Aku mengatur nafas pelan-pelan.
“ Seperti ada tulang ikan yang tersangkut mengganjal di tenggorokanku. Setiap kali aku makan, minum, menelan ludah bahkan bernafas, tulang ikan itu terus menghalangi, timbul dan tenggelam dan membuatku kesakitan. Seperti itulah aku sekarang. Aku terus bertanya-tanya, apakah aku tetap makan, minum dan bernafas dengan tulang yang ada di tenggorokan itu dan pura-pura melupakan keberadaanya sampai aku terbiasa. Atau aku harus mendorong jari tanganku masuk ke tenggorokan untuk mengambil tulang ikan itu. Sakit sekali pasti awalnya, mungkin aku juga muntah beberapa kali. Tapi begitu tulang ikannya berhasil dikeluarkan, aku bisa makan dan minum tanpa sakit lagi.”, ucapku terisak. Wajahku dipenuhi oleh air mata. Aku tidak menyadari akan mengucapkan kalimat tadi kepadanya.
Dia hanya diam dan masih menghadap ke lemari. Aku bahkan bisa mendengar helaan nafasnya dan detak jam. Kami membisu dalam sunyi.
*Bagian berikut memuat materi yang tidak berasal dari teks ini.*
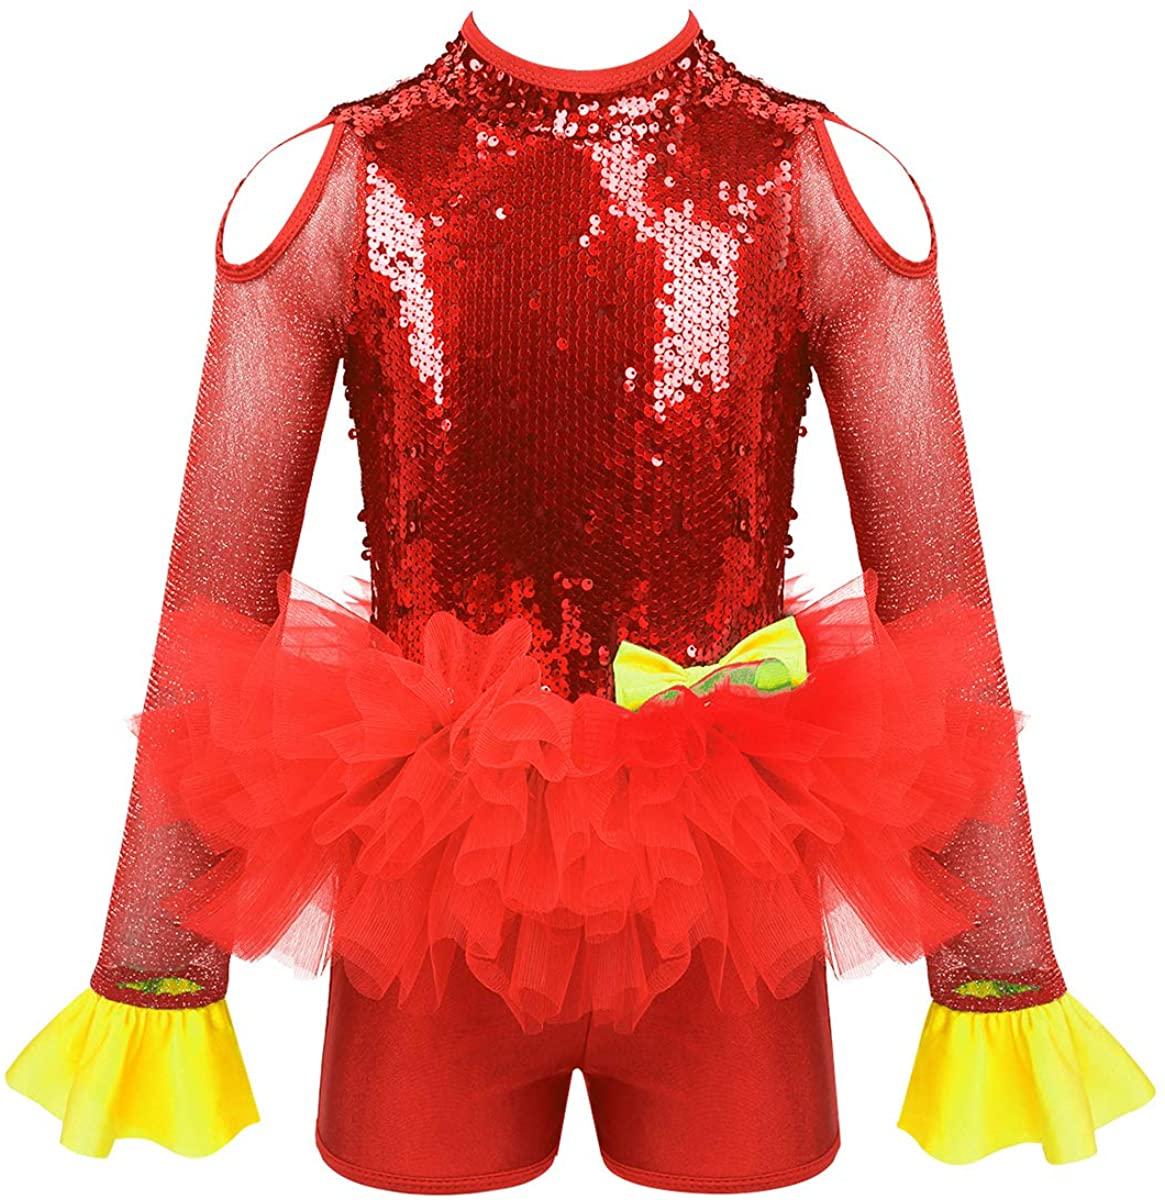 ACSUSS Kids Girls Sequins Ballet Leotard Jumpsuit Hip-hop Latin Jazz Dancing Dress Stage Performance Dance Costume

Aku tahu kemana semua ini akan bermuara. Hanya saja aku ingin sedikit saja berharap. Harapan seperti ketika aku masih kecil dulu. Ketika handphone pertamaku hadiah dari ayah dan ibu rusak dan tidak menyala lagi, padahal aku sangat menyayangi benda itu. Hampir setiap hari aku mencoba menghidupkan dengan berharap benda itu bisa hidup dan mendengar suara khas handphone itu ketika dinyalakan. Tapi setiap kali aku mencoba menghidupkannya, harapan itu langsung pudar. Handphone pertamaku tidak pernah menyala kembali. Tapi aku tetap mencoba menghidupkannya meskipun sebagian diriku tahu benda itu sudah rusak.
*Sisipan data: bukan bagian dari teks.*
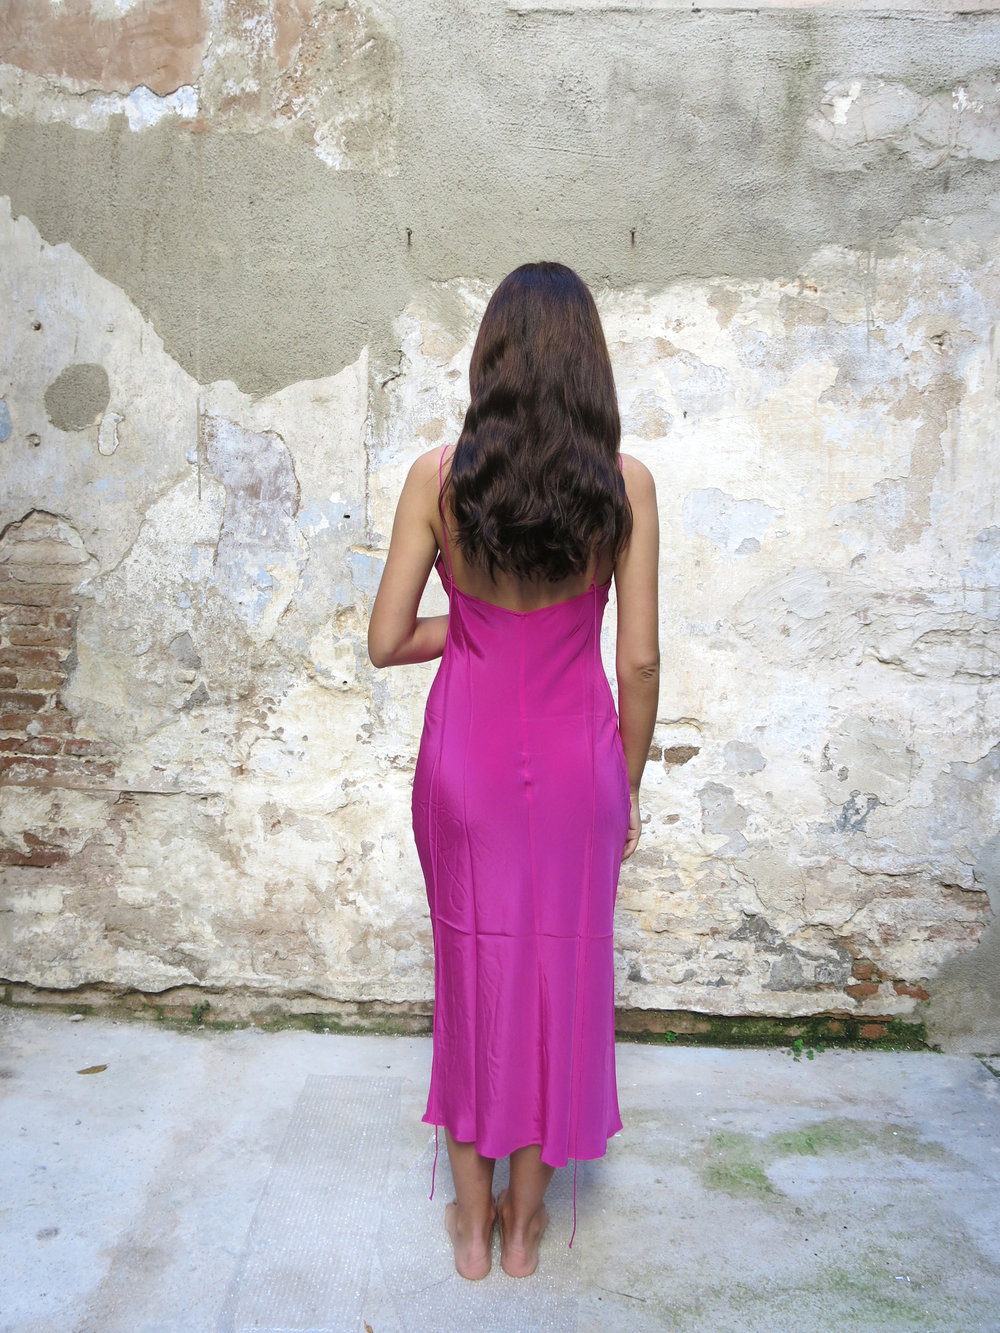 Vestido Fucsia Pari desai 04.jpg

Seperti itulah aku kini. Aku tetap mencoba berharap menemukan jalan pulang dengan menyusuri langkah kami sebelumnya, meskipun aku sendiri tahu kemana akhirnya semua ini.
Aku masih terisak. Dan dia masih diam menghadap lemari.
Kemudian dia berjalan ke arah kamar mandi bahkan tanpa menoleh kepadaku seperti yang biasanya dia lakukan setiap malam.